REQUIREMENT:
For this exercise, copy exactly the lines below from the one with "Xaloc Central 160 Gold Modular sofa by MOWEE" through the one with "Xaloc synthesizes the" and leave out the pictures.

RECORDS FOR THIS TASK:
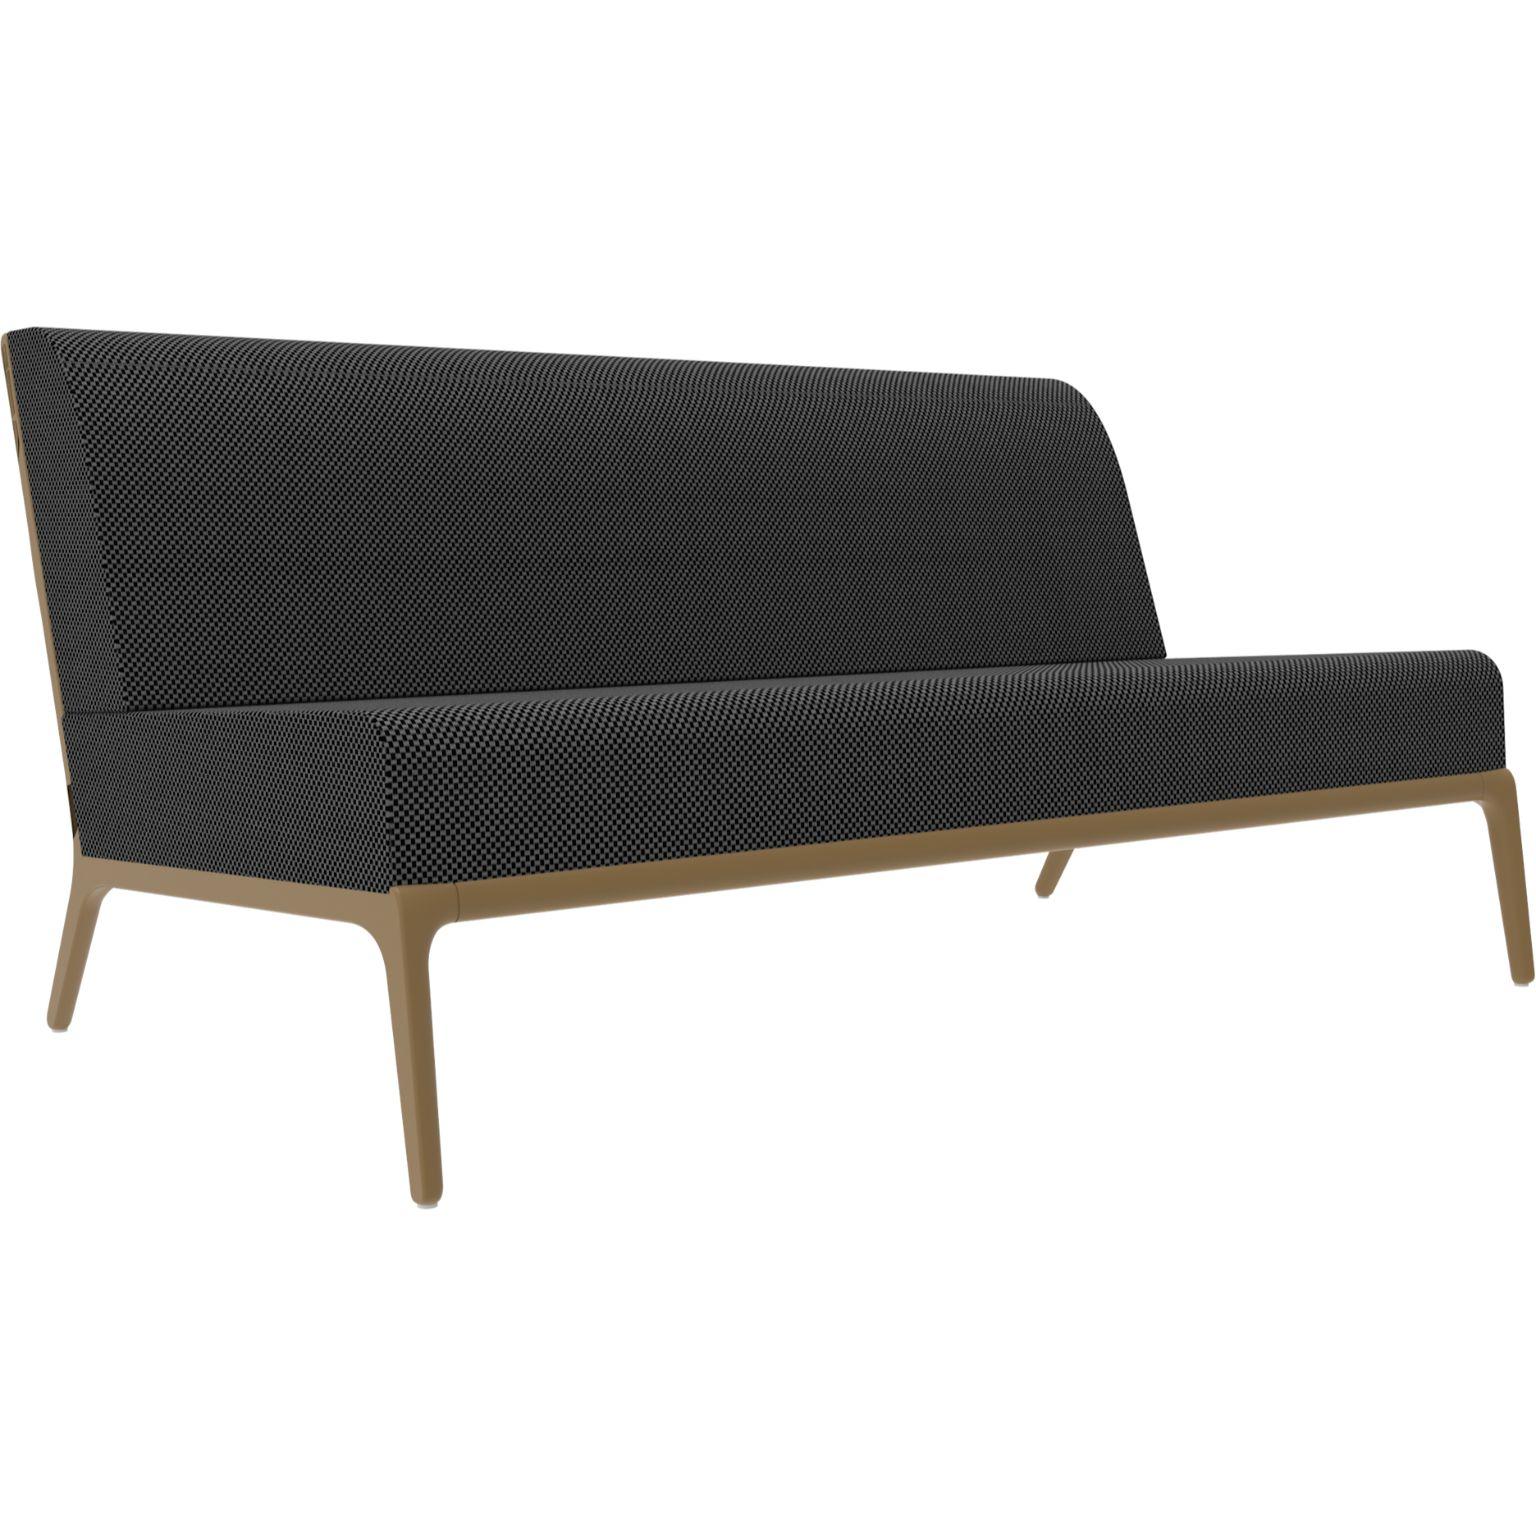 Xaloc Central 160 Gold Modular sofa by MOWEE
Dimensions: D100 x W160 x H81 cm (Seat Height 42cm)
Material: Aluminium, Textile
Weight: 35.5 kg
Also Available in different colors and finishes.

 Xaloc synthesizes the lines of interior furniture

* * *

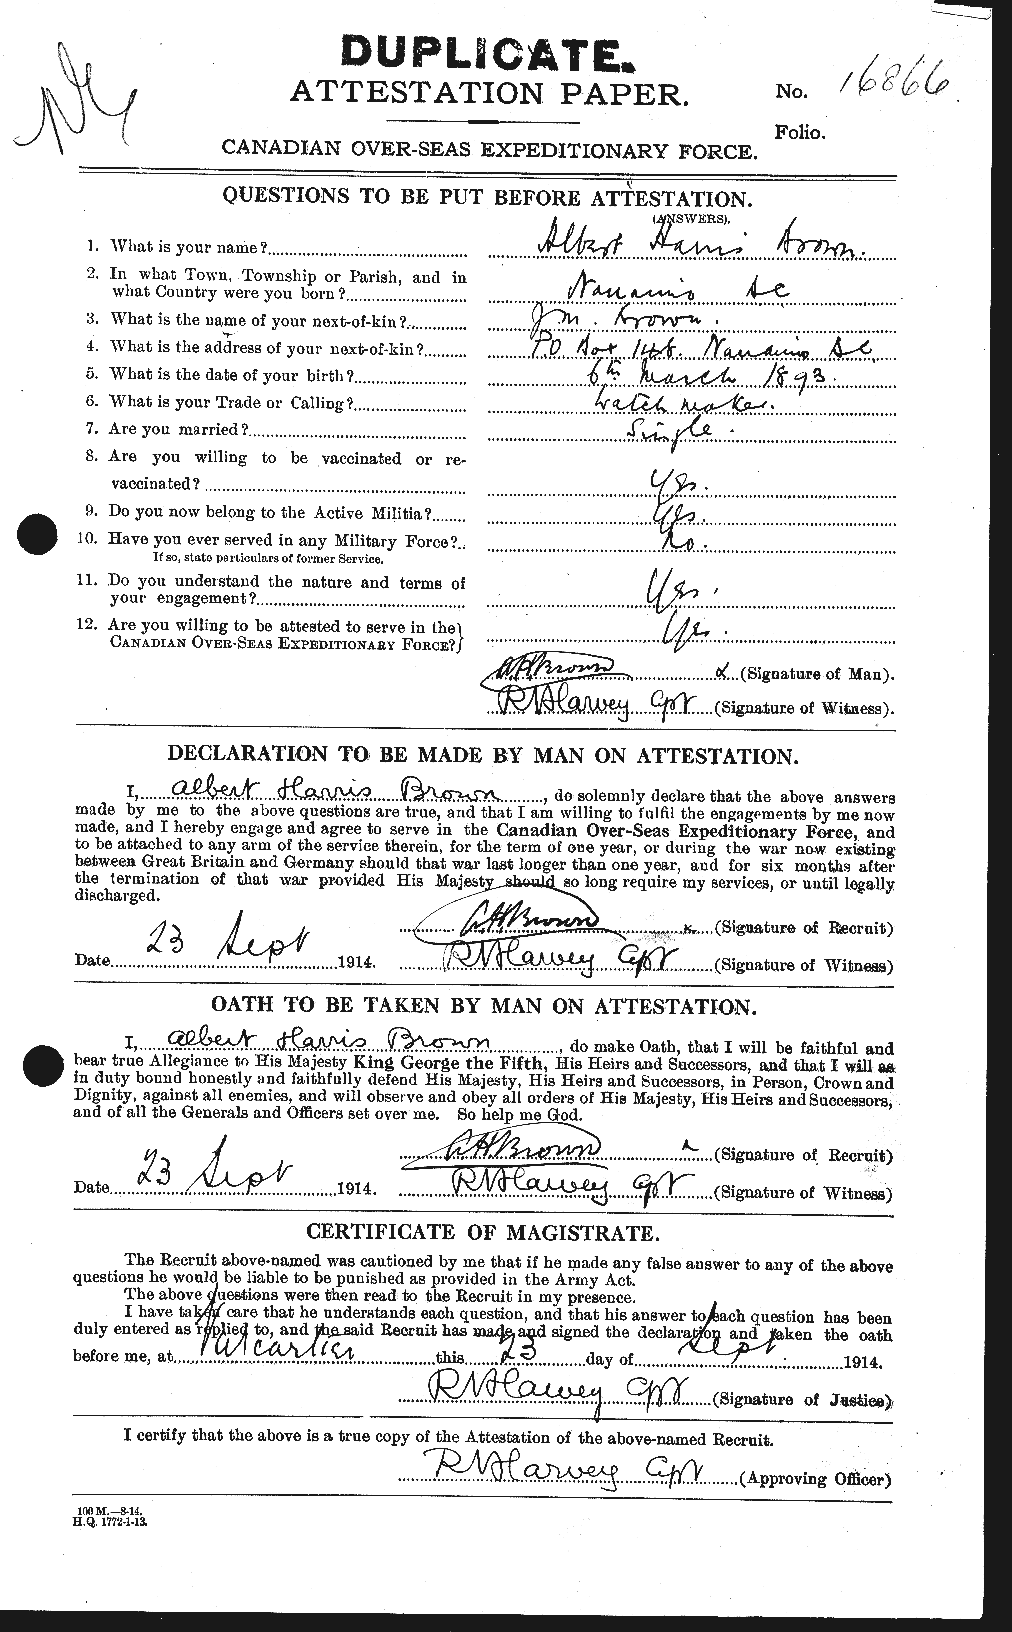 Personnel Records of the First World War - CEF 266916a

OUTPUT:
 Xaloc Central 160 Gold Modular sofa by MOWEE
Dimensions: D100 x W160 x H81 cm (Seat Height 42cm)
Material: Aluminium, Textile
Weight: 35.5 kg
Also Available in different colors and finishes.

 Xaloc synthesizes the lines of interior furniture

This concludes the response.